I'm predicting ratings in between processes that batch train the model. I'm using the approach outlined here: ALS model - how to generate full_u * v^t * v?
! rm -rf ml-1m.zip ml-1m
! wget --quiet http://files.grouplens.org/datasets/movielens/ml-1m.zip
! unzip ml-1m.zip
! mv ml-1m/ratings.dat .
from pyspark.mllib.recommendation import Rating
ratingsRDD = sc.textFile('ratings.dat') \
.map(lambda l: l.split("::")) \
.map(lambda p: Rating(
user = int(p[0]),
product = int(p[1]),
rating = float(p[2]),
)).cache()
from pyspark.mllib.recommendation import ALS
rank = 50
numIterations = 20
lambdaParam = 0.1
model = ALS.train(ratingsRDD, rank, numIterations, lambdaParam)
Then extract the product features ...
import json
import numpy as np
pf = model.productFeatures()
pf_vals = pf.sortByKey().values().collect()
pf_keys = pf.sortByKey().keys().collect()
Vt = np.matrix(np.asarray(pf_vals))
full_u = np.zeros(len(pf_keys))
def set_rating(pf_keys, full_u, key, val):
try:
idx = pf_keys.index(key)
full_u.itemset(idx, val)
except:
pass
set_rating(pf_keys, full_u, 260, 9), # Star Wars (1977)
set_rating(pf_keys, full_u, 1, 8), # Toy Story (1995)

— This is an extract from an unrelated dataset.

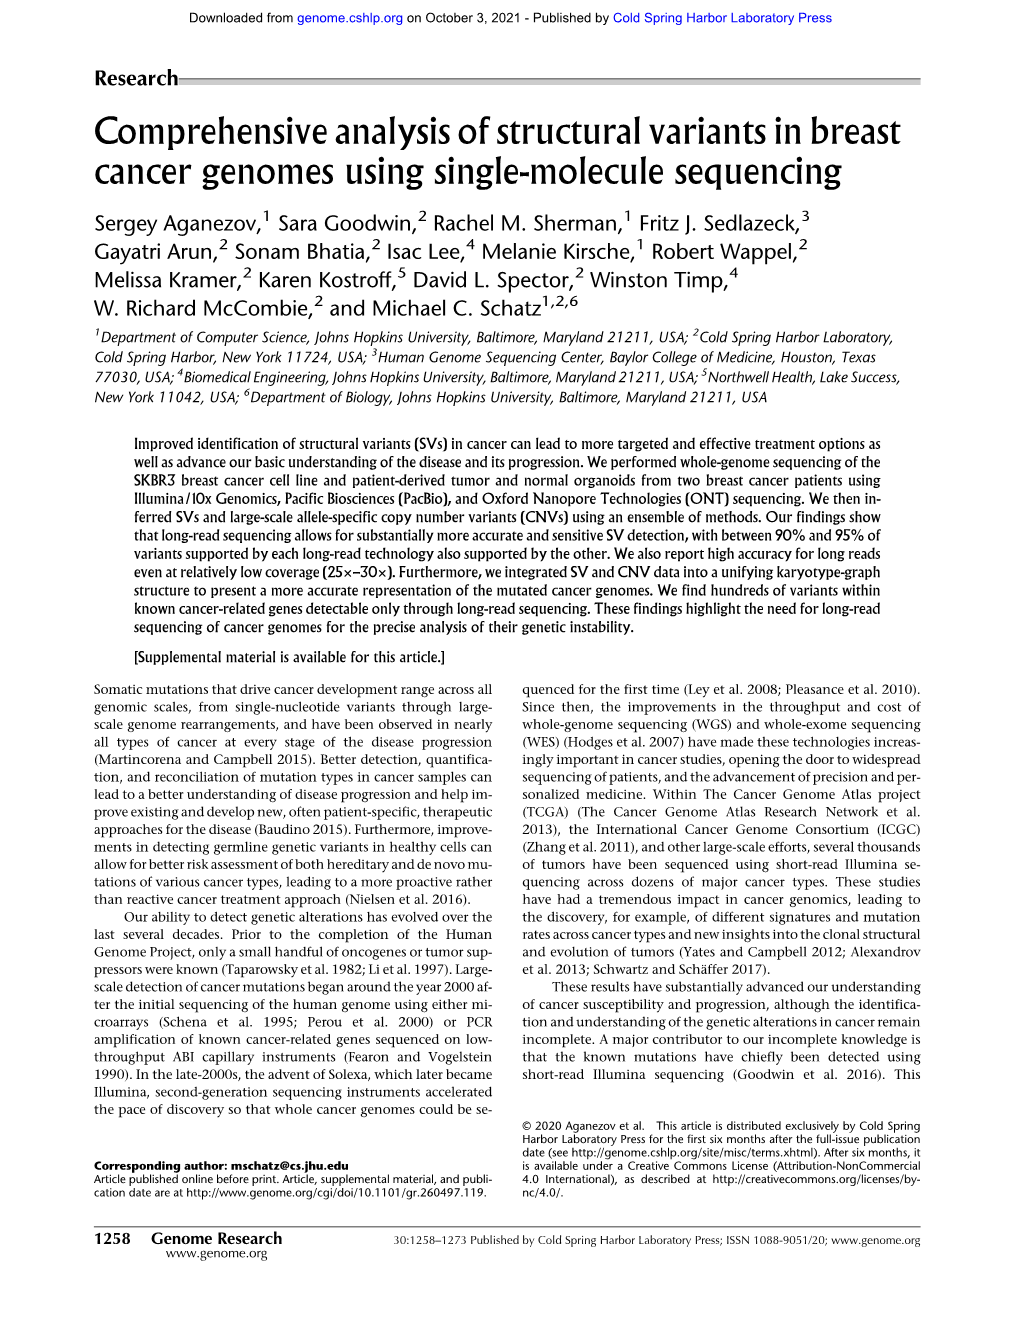 Comprehensive Analysis of Structural Variants in Breast Cancer Genomes Using Single-Molecule Sequencing

set_rating(pf_keys, full_u, 16, 7), # Casino (1995)
set_rating(pf_keys, full_u, 25, 8), # Leaving Las Vegas (1995)
set_rating(pf_keys, full_u, 32, 9), # Twelve Monkeys (a.k.a. 12 Monkeys) (1995)
set_rating(pf_keys, full_u, 335, 4), # Flintstones, The (1994)

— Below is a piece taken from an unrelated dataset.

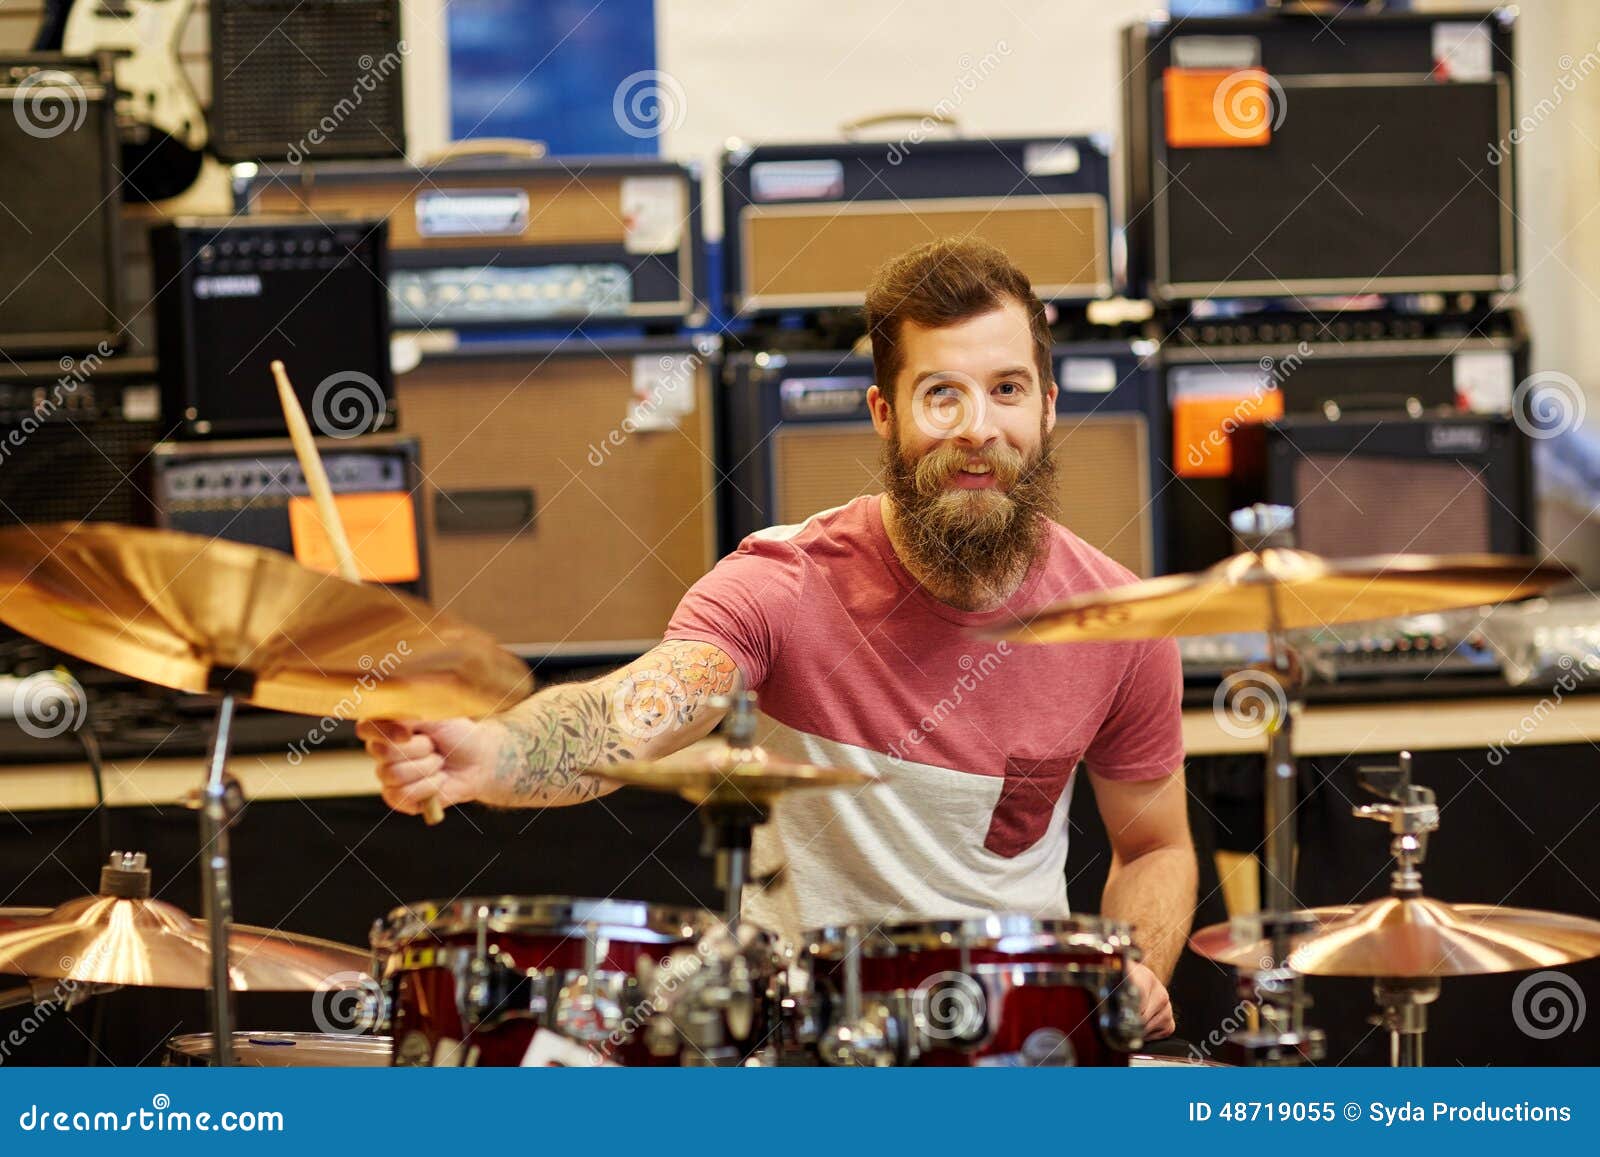 Male Musician Playing Cymbals at Music Store Stock Image - Image of ...

set_rating(pf_keys, full_u, 379, 3), # Timecop (1994)
set_rating(pf_keys, full_u, 296, 7), # Pulp Fiction (1994)
set_rating(pf_keys, full_u, 858, 10), # Godfather, The (1972)
set_rating(pf_keys, full_u, 50, 8) # Usual Suspects, The (1995)
recommendations = full_u*Vt*Vt.T
top_ten_ratings = list(np.sort(recommendations)[:,-10:].flat)
print("predicted rating value", top_ten_ratings)
top_ten_recommended_product_ids = np.where(recommendations >= np.sort(recommendations)[:,-10:].min())[1]
top_ten_recommended_product_ids = list(np.array(top_ten_recommended_product_ids))
print("predict rating prod_id", top_ten_recommended_product_ids)
However the predicted ratings seem way too high:
('predicted rating value', [313.67320347694897, 315.30874327316576, 317.1563289268388, 317.45475214423948, 318.19788673744563, 319.93044594688428, 323.92448427140653, 324.12553531632761, 325.41052886977582, 327.12199687047649])
('predict rating prod_id', [49, 287, 309, 558, 744, 802, 1839, 2117, 2698, 3111])
This appears to be incorrect. Any tips appreciated.